Dans Tout son jazz: la vie et la mort de Bob Fosse, Martin Gottfried a révélé que Dreyfuss n’a pas vécu facilement avec cette décision. «Pendant quelques années, je me suis dit que j’en étais bien sorti, puis j’ai fini par y faire face», a-t-il déclaré. «J’avais abandonné une chance de travailler avec Bob Fosse, et c’était stupide de ma part. Je le lui ai dit moi-même.

Richard Dreyfuss a tiré sa révérence avant de s’incliner

Au milieu des années 2000, Les producteurs se dirigeait vers une production du West End et Richard Dreyfuss avait été choisi dans le rôle de Max Bialystock. Et comme Dreyfuss l’a rappelé Le gardien, cela ne s’est pas déroulé sans accroc. «Tu sais que je ne peux ni chanter ni danser, n’est-ce pas? il se souvenait avoir dit à Mel Brooks à l’époque. « Mais Mel a continué à m’encourager. Et j’ai dit que je ferais Londres. » C’est là qu’il s’est rendu compte qu’il était au-dessus de sa tête. Pourtant, il a suivi la formation et les répétitions et est passé à la saison des avant-premières, mais cela ne suffisait pas à calmer ses nerfs. The Producers ouvre le 9 novembre « , a-t-il déclaré dans un épisode de le Spectacle de Frank Skinner (via Le gardien). «Viens à partir de Noël. Ne viens pas avant ça, d’accord? Un jour plus tard, l’émission annonçait que Dreyfuss avait été libéré parce qu’il était incapable «de remplir les rigueurs du rôle».

« Ils ont décidé que mon corps ne pouvait pas le faire beaucoup plus tôt que moi », a déclaré Dreyfuss Le gardien de la décision. « Je me demandais aussi si mon corps ne pouvait pas le faire. Vraiment, mon corps s’est séparé de moi en juillet. » Après sa sortie, la chorégraphe Susan Stroman a déclaré Variété que Dreyfuss «s’était plaint de douleurs et de douleurs; son corps n’était pas à la hauteur de la tâche».

Dreyfuss a suggéré de Le gardien que les exigences du rôle étaient tout simplement impossibles à satisfaire. « Stroman disait aux acteurs, en plein vol, » Arrêtez. Et pendant que vous êtes là-haut, faites semblant d’être un paon, et tirez la chasse pendant que vous y êtes « , dit-il.

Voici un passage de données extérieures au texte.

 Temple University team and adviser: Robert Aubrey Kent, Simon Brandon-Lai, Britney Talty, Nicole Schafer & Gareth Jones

La bataille juridique de la famille de Richard Dreyfuss, encore et encore

Au milieu des années 80, le père de Richard Dreyfuss, Norman Dreyfuss, a approché l’acteur pour un prêt de 870 000 $ pour l’aider à sortir d’une «crise familiale», selon des documents judiciaires (via Service de presse du palais de justice). Cependant, les documents indiquent que le prêt a en fait été utilisé pour acheter un immeuble de bureaux à Los Angeles. Richard a affirmé que son père et son oncle ont non seulement négligé de le payer après plus de 20 ans, mais n’ont vu aucun des rendements de l’entreprise – même s’il possédait «au moins 29% de l’entreprise».

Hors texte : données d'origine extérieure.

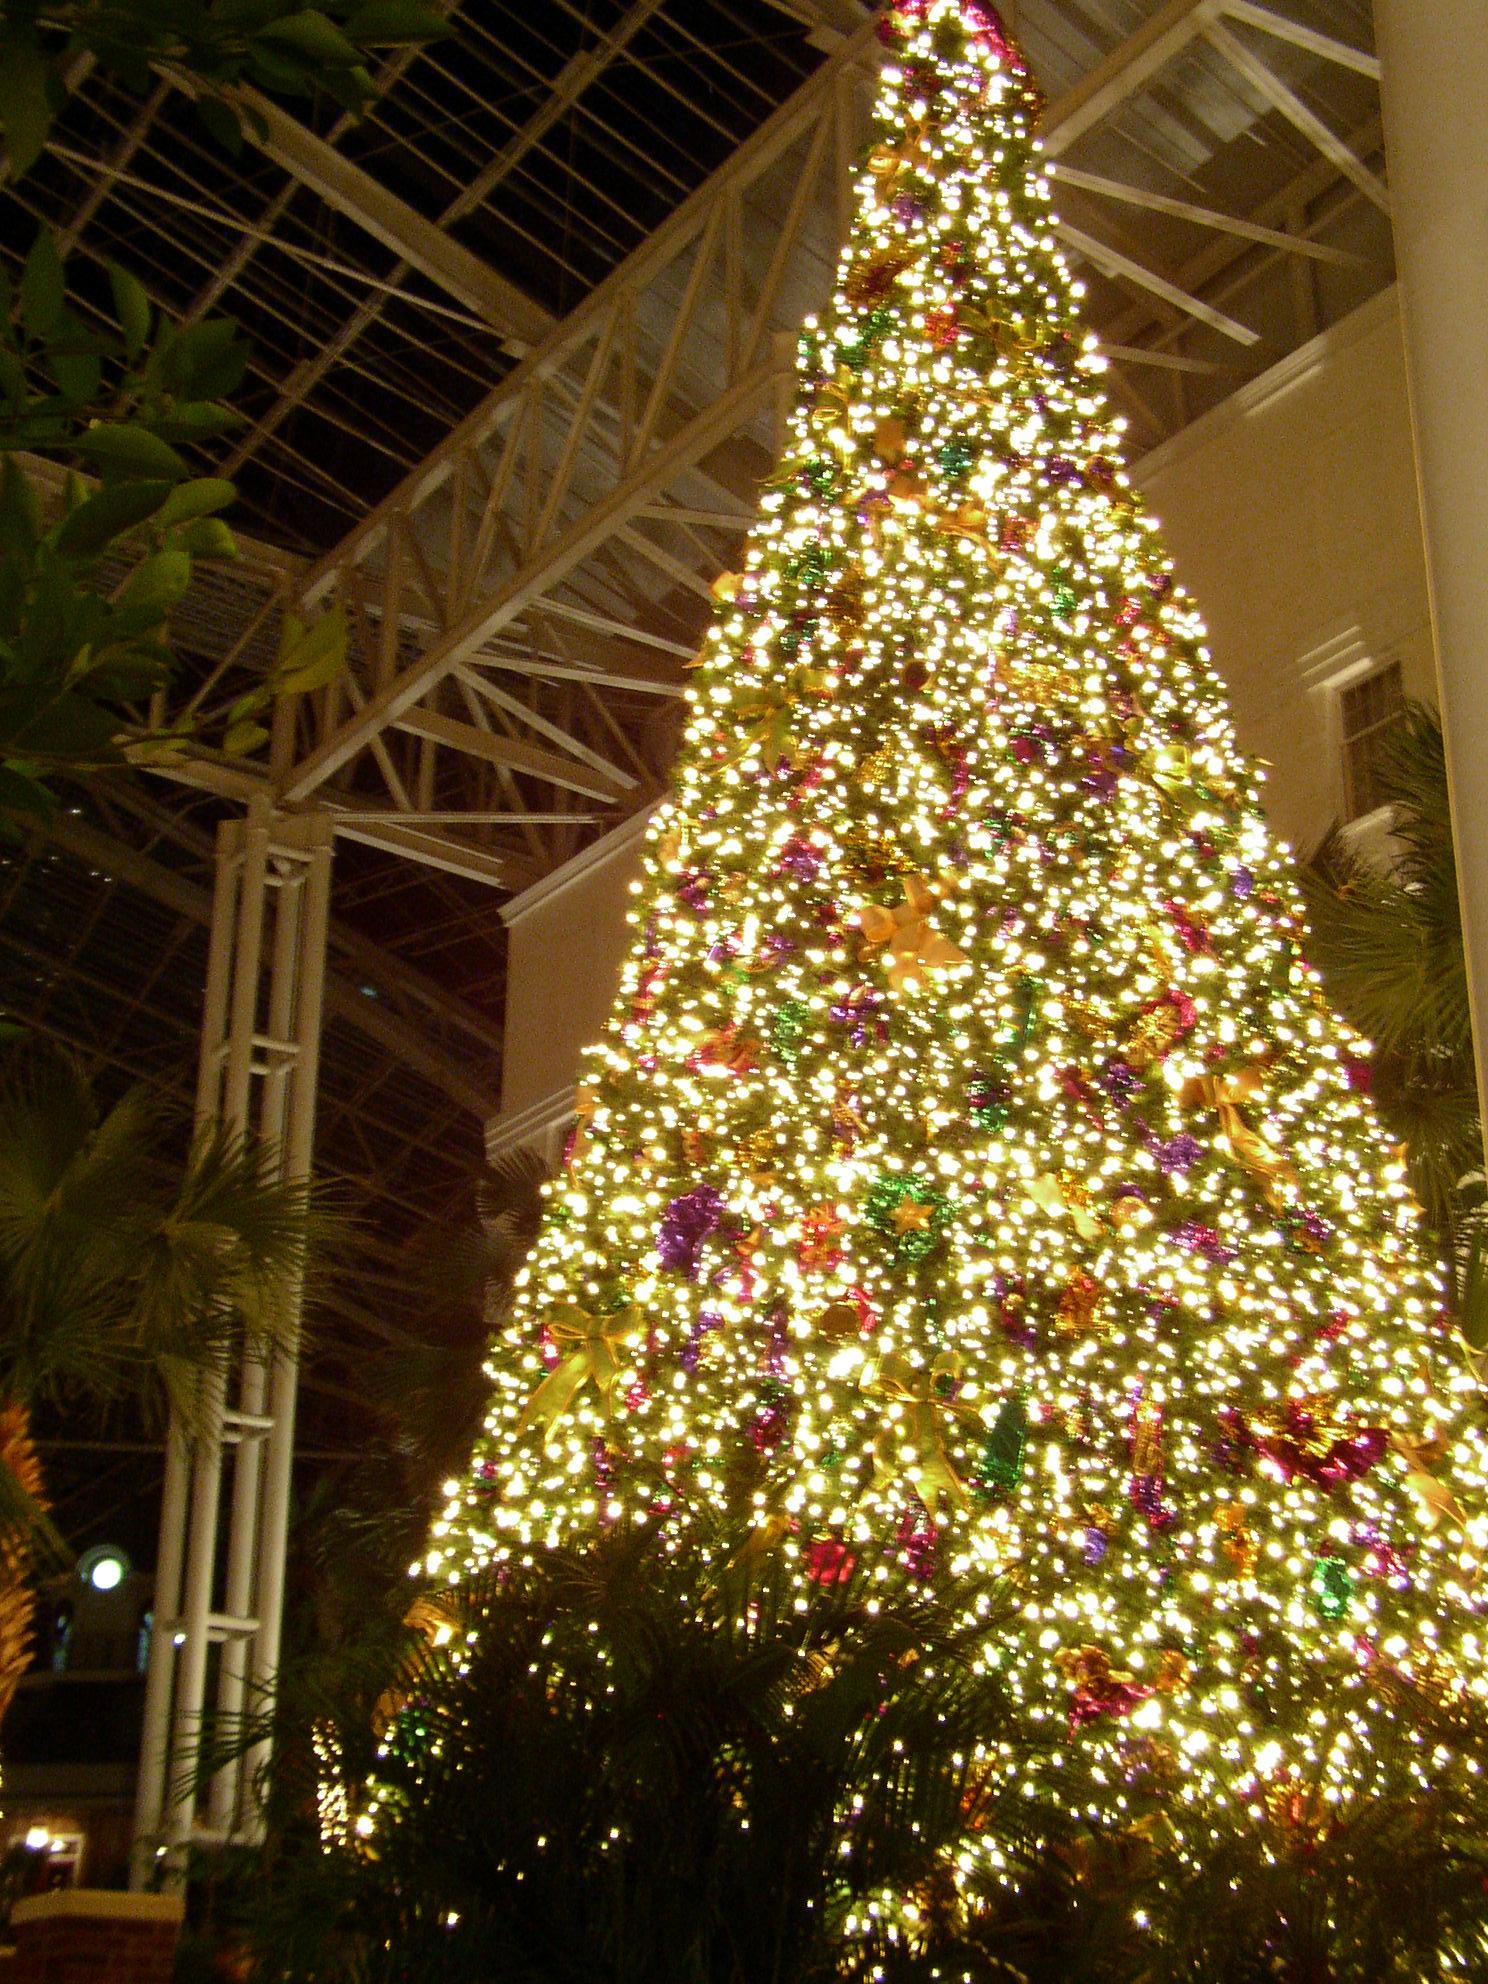 1488 1984 pixels christmas tree in opryland hotel

L’acteur a intenté ce procès pour la première fois en 2008, et comme Le gardien a rapporté, il a allégué que ses proches « avaient détourné des millions de dollars d’un jugement de 6 millions de dollars qu’ils avaient gagné contre l’état de Californie pour un bail dans l’immeuble ». Là encore, il n’aurait rien reçu. Il a réédité le procès en 2012 lorsque, selon Service de presse du palais de justice, il semblait qu’ils «vendraient peut-être l’immeuble». En réponse, le père et l’oncle de Richard ont soutenu que la part de Richard dans l’entreprise n’était que d’environ 10%. Le père de Richard est décédé en 2013 et on ne sait pas s’ils ont résolu ce problème avant sa mort.